══ Recorded information ══

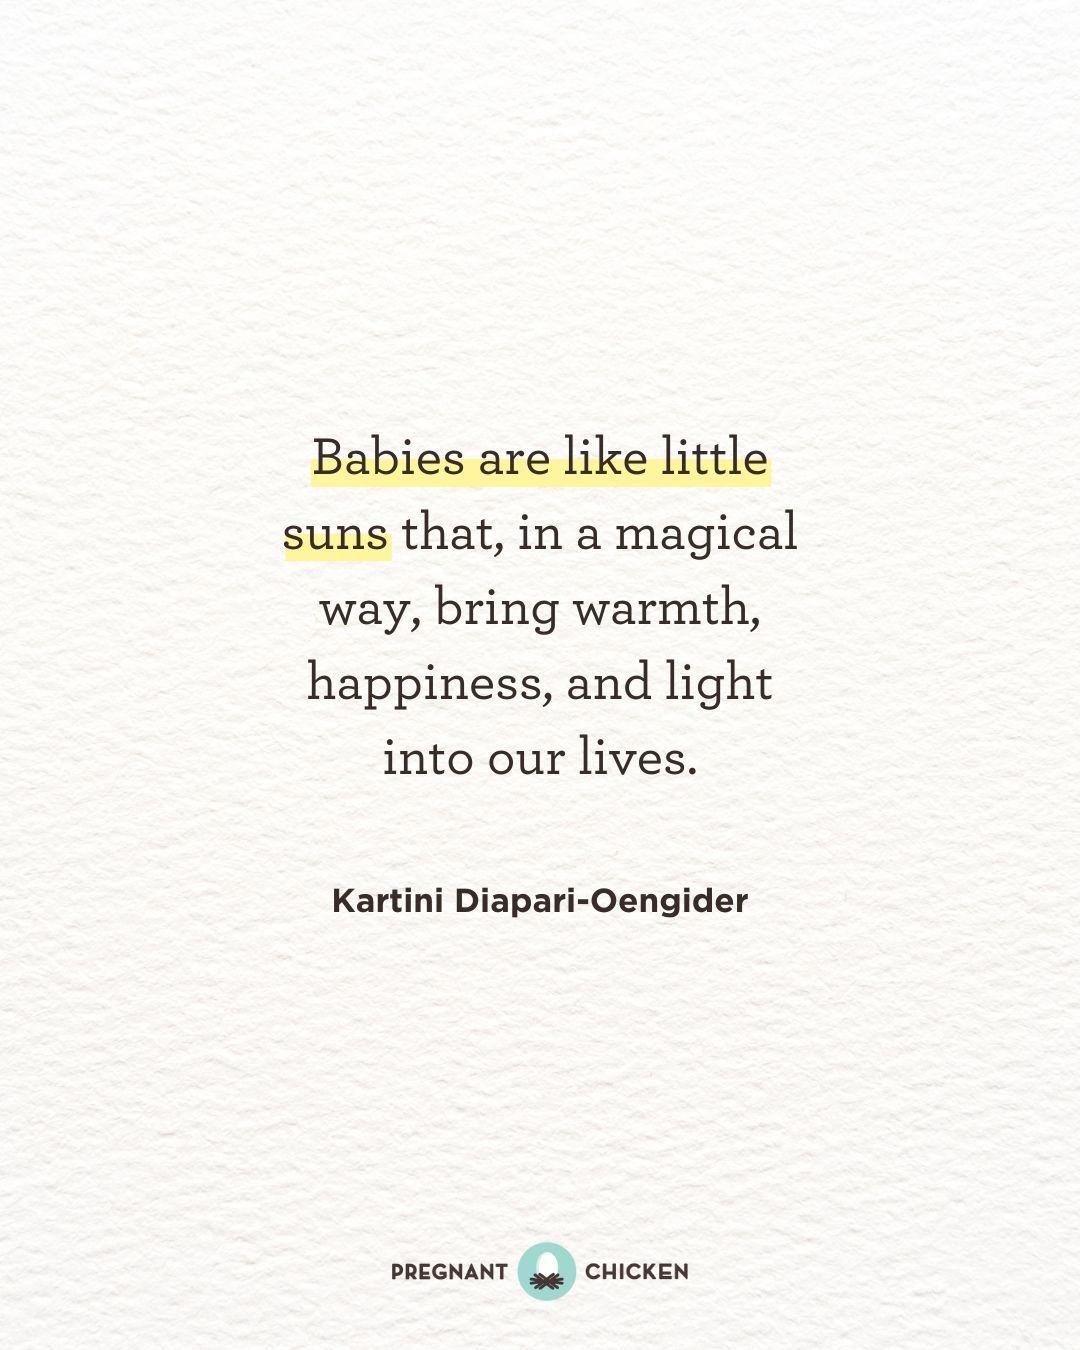 Babies are like little suns that, in a magical way, bring warmth, happiness, and light into our lives.
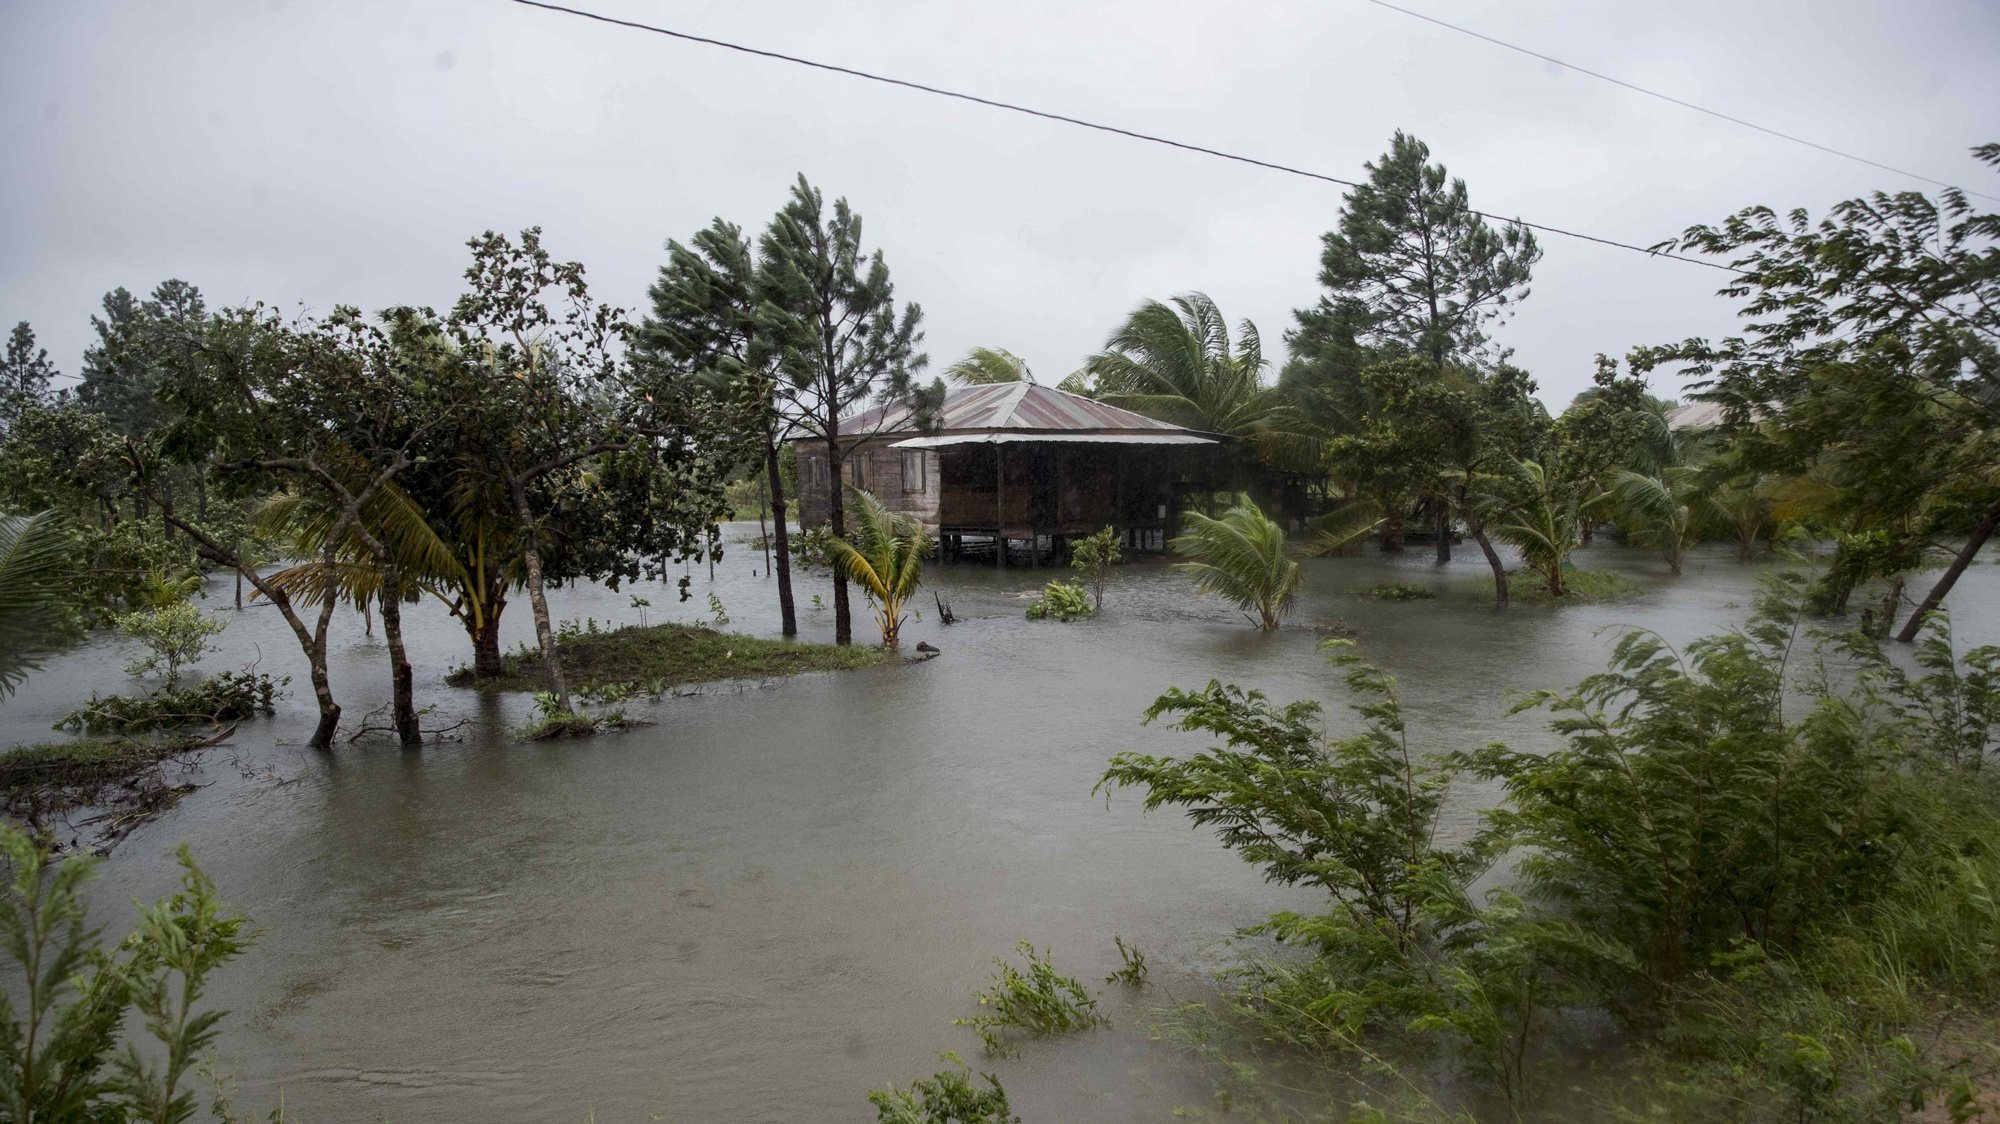 epa08797244 A house that was evacuated amid amid heavy rains brought by Hurricane Eta, in Bilwi, Nicaragua, 03 November 2020. Hurricane Eta, category 4 on the Saffir-Simpson scale and considered extremely dangerous, made landfall on 03 November on the northeast coast of Nicaragua.  EPA/JORGE TORRES
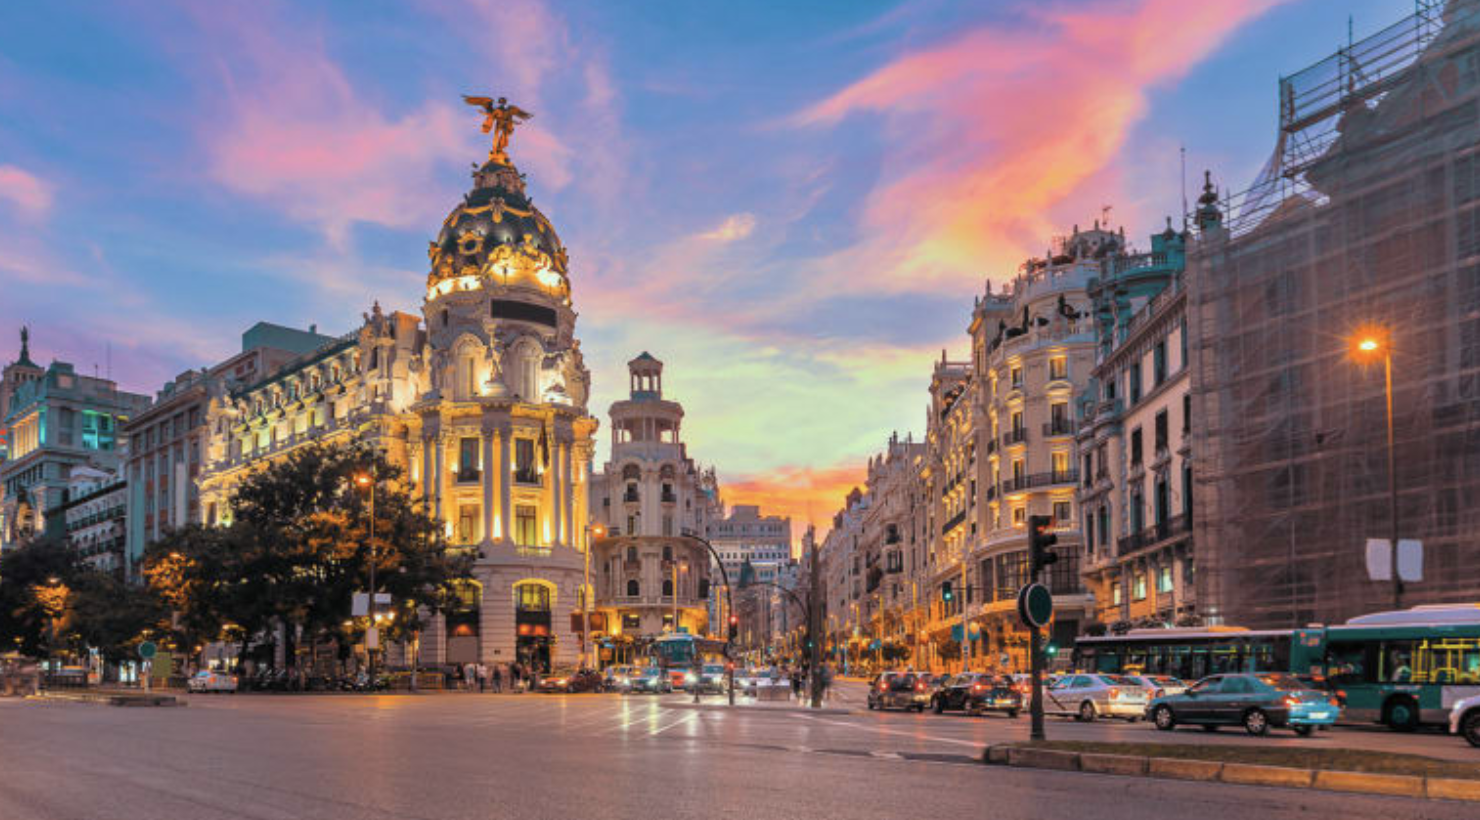 Spain Hoping to Resume Tourism by Spring 2021
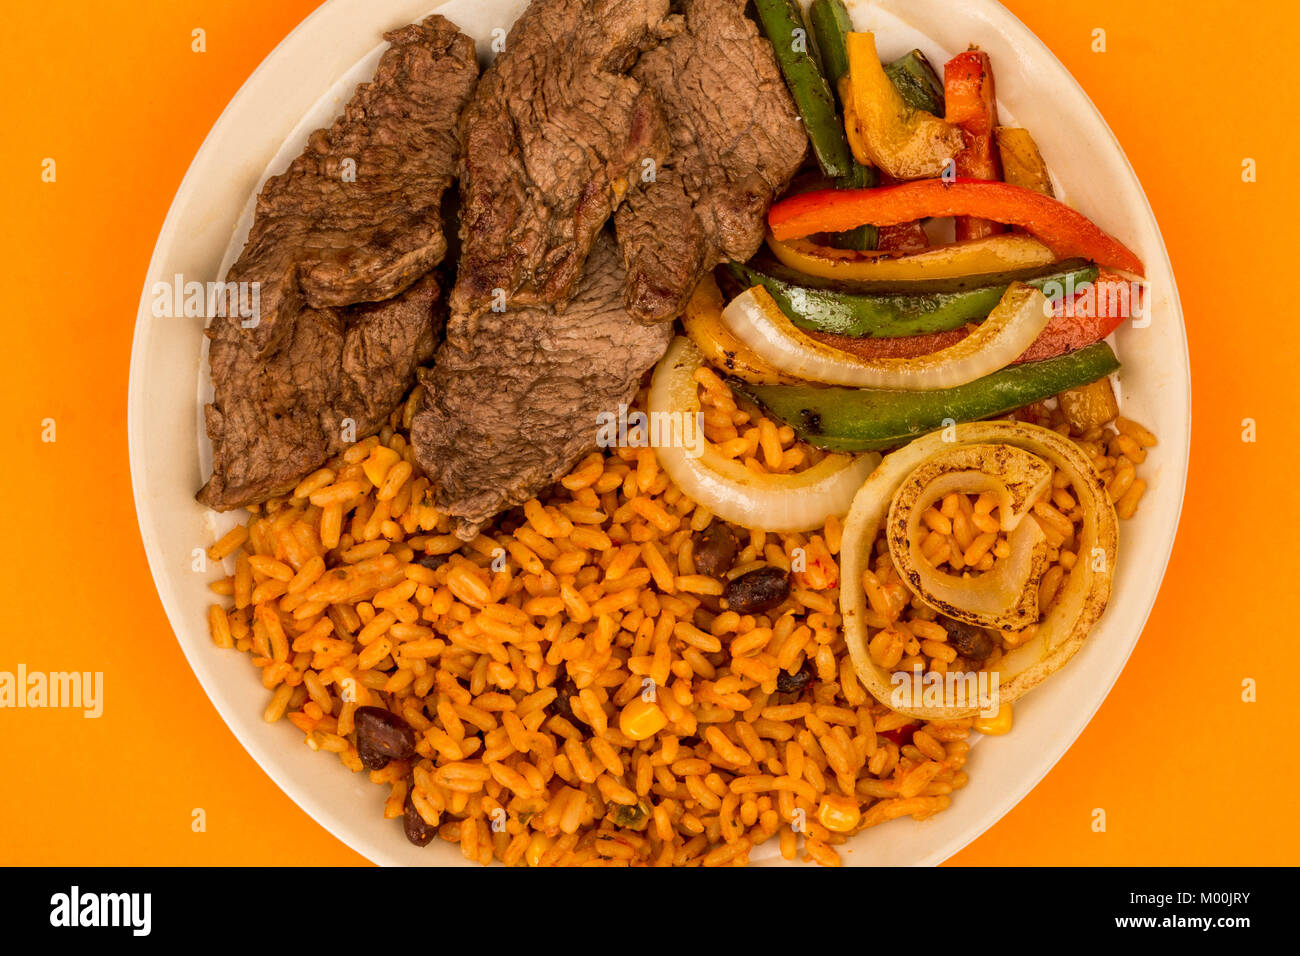 Mexican Style Steak Fajitas With Spicy Rice and Peppers Against An Orange Background Stock Photo

═══

The problem
Output all of the data word for word, excluding any pictures.

Task solution
 Babies are like little suns that, in a magical way, bring warmth, happiness, and light into our lives.
 epa08797244 A house that was evacuated amid amid heavy rains brought by Hurricane Eta, in Bilwi, Nicaragua, 03 November 2020. Hurricane Eta, category 4 on the Saffir-Simpson scale and considered extremely dangerous, made landfall on 03 November on the northeast coast of Nicaragua.  EPA/JORGE TORRES
 Spain Hoping to Resume Tourism by Spring 2021
 Mexican Style Steak Fajitas With Spicy Rice and Peppers Against An Orange Background Stock Photo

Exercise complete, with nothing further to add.